The list for Section 8 housing choice vouchers won’t open again until November of 2023, though some are receiving vouchers today that got on the 10,000 person waiting list when it was open back in 2019. Social workers also watch for wait lists to open at MDHA’s project-based properties monthly. Not open spots, but open wait lists. If that sounds bleak, that’s because it is.

Outside of subsidized options like these, there are few options that are affordable, where within a year's time, people could step down from having their rent totally paid for, to having enough income and wherewithal to pay for the whole price themselves.

Basham now has a case manager at Centerstone, and recently won the chili cook off at his apartment complex. In the span of being part of Rapid Rehousing he got sober, got an emotional support dog named Roxy, and made some friends along the way. But it’s not his last stop — he hopes to get a bigger apartment so his family can visit more.

“Thank God the Salvation Army took care of my end, because I couldn't afford [rent]. And now they have gotten me into this place which I thank God every day for and life is good right now,” Basham says.

Ryan LaSuer of Community Care Fellowship says the Rapid Rehousing program has created more unity amongst homeless service providers. With such scarcity in affordable units and willing landlords, it can often feel like a competition between organizations. He says they were all being more transparent about their goals, strategies, and working in unison with this program.

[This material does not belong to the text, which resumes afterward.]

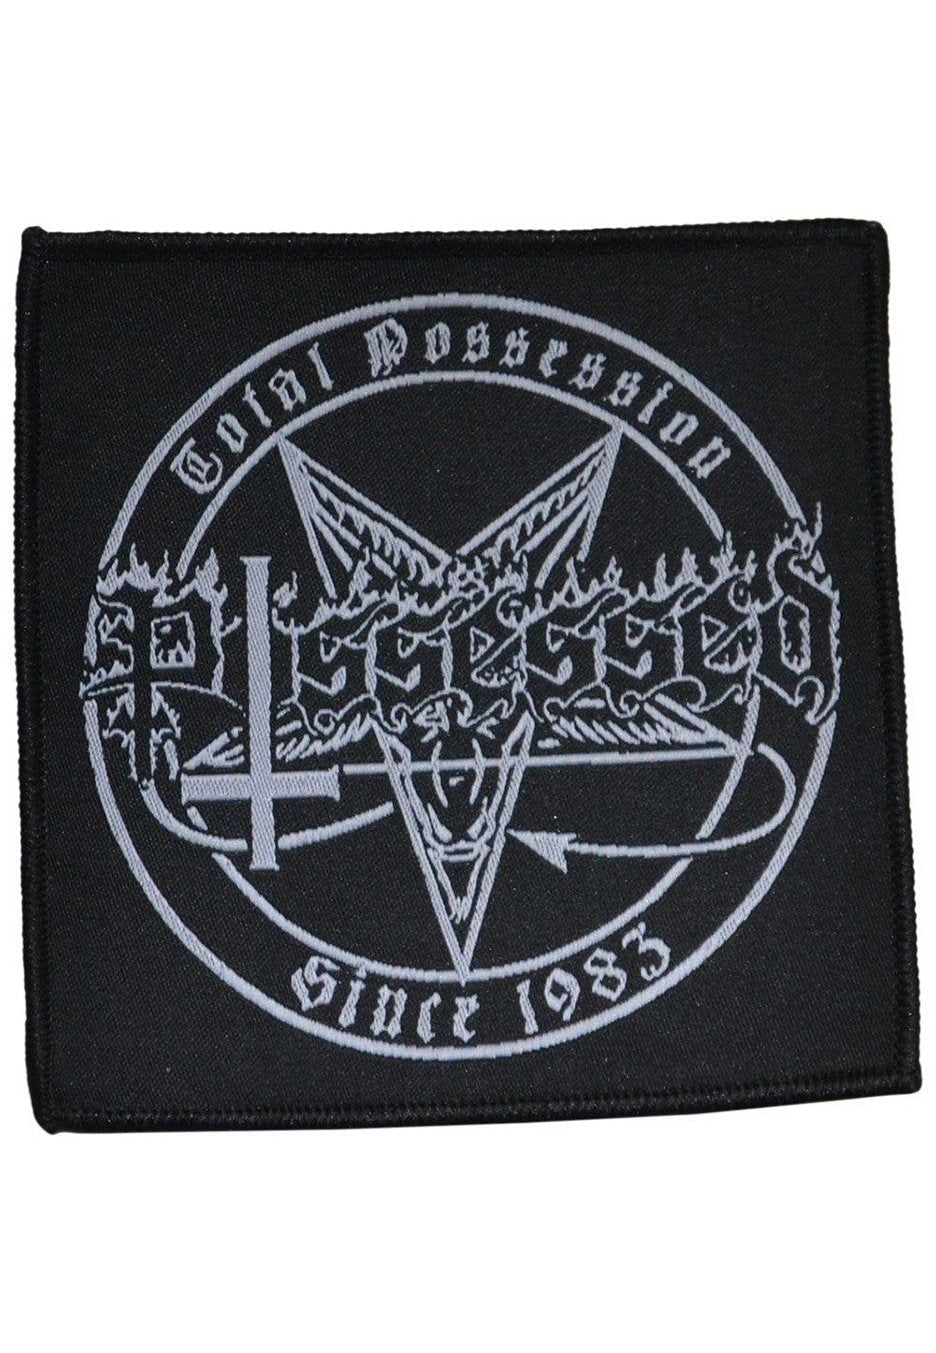 Possessed - Total Possession - Patch

“We saw it, honestly, as an opportunity that might not come around again,” LaSuer says. “Just to see that opportunity and to want to be a part of it collectively with the other community members that were partaking in that funding.”

This CARES Act-funded Rapid Rehousing is indicative of what homeless service providers have going for them now — money, government money, aplenty. But it remains to be seen if that can all be converted to homes for people experiencing homelessness, places they can stay put for the long run. There simply aren’t enough of those places. If homeless service providers can’t wrap it up by this time next year, those folks will be back on the streets.